The current Neurus project required complex coordination spanning several critical stages. One was Technological Development: The detector was built entirely in IAFE’s space laboratories, improving upon previous designs of this type of detector. Specific atmospheric studies were conducted in collaboration with the DCAO to understand the site’s environment.

“Regarding Antarctic Logistics, we coordinated with the IAA for the deployment of campaigns, building adaptation, the installation of the laboratory on the white continent and the permanent presence of maintenance personnel at the bases,” said Dasso.

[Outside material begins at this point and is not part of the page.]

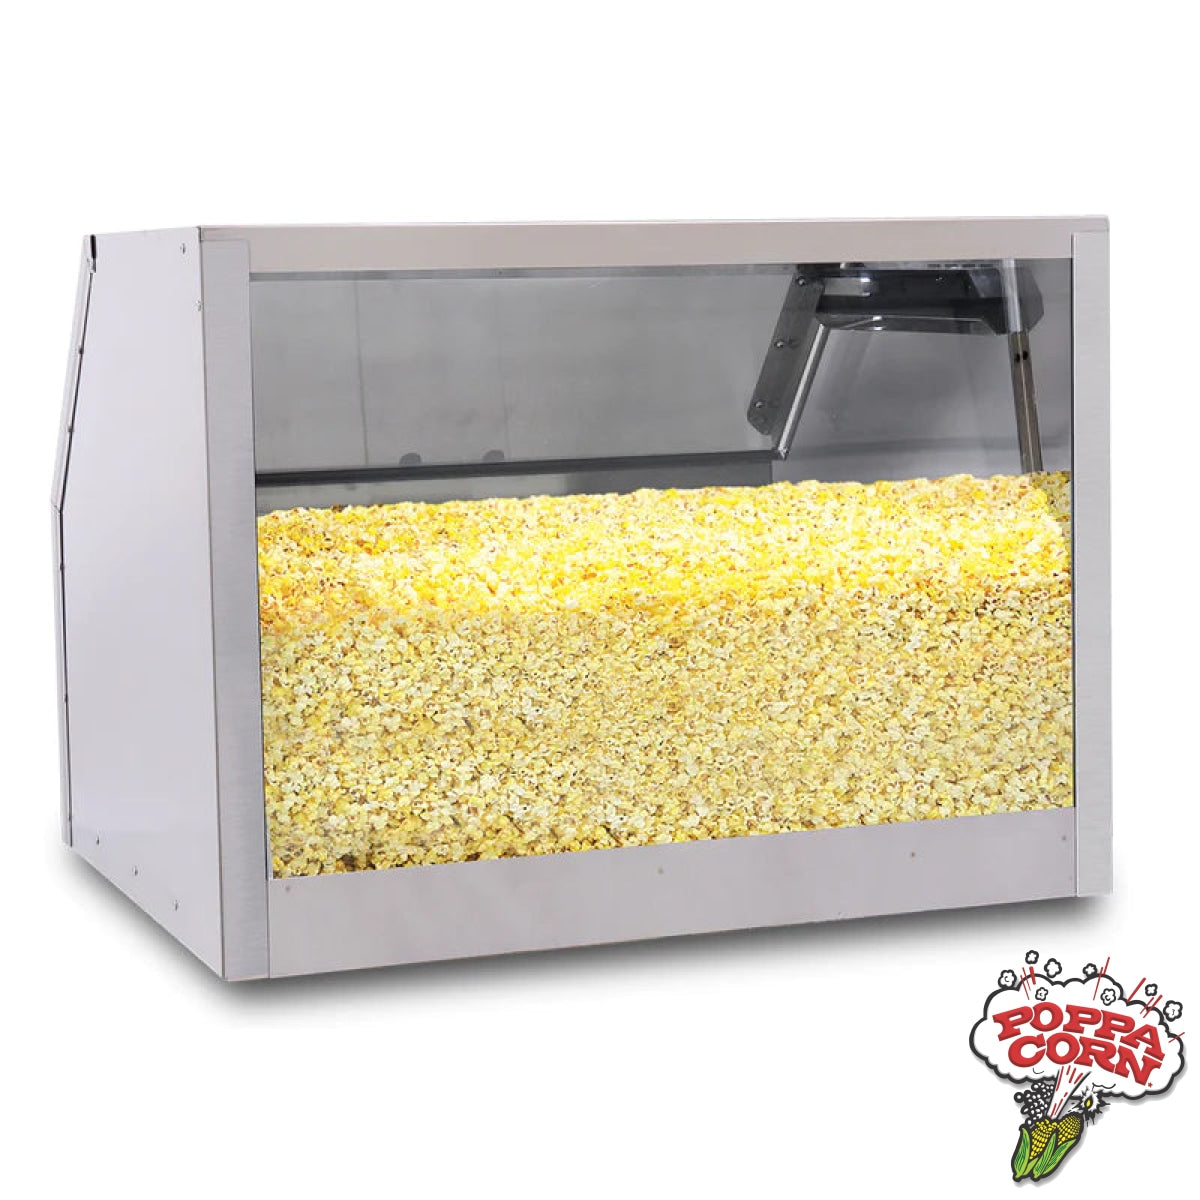 30" Main Street Elite Counter Popcorn Staging Cabinet - GM2686-00-000 - Poppa Corn Corp

“Precision Infrastructure was another key element. The system features cutting-edge technology, such as time stamping for each particle with a resolution of 10 nanoseconds, thanks to GPS synchronization and FPGA-based electronics, and a telemetry system for transmitting data to our servers at IAFE, which allows us to make the data measured in Antarctica available almost instantaneously,” Dasso added.**

“This development is pioneering and original, as there are no other observatories of this kind currently operating in Antarctica. The results we found consolidate an innovative perspective: the use of cosmic rays as precision environmental sensors, opening new avenues for monitoring and better understanding Antarctic components of global circulation and the challenges posed by climate evolution from the perspective of cutting-edge physics,” Santos said.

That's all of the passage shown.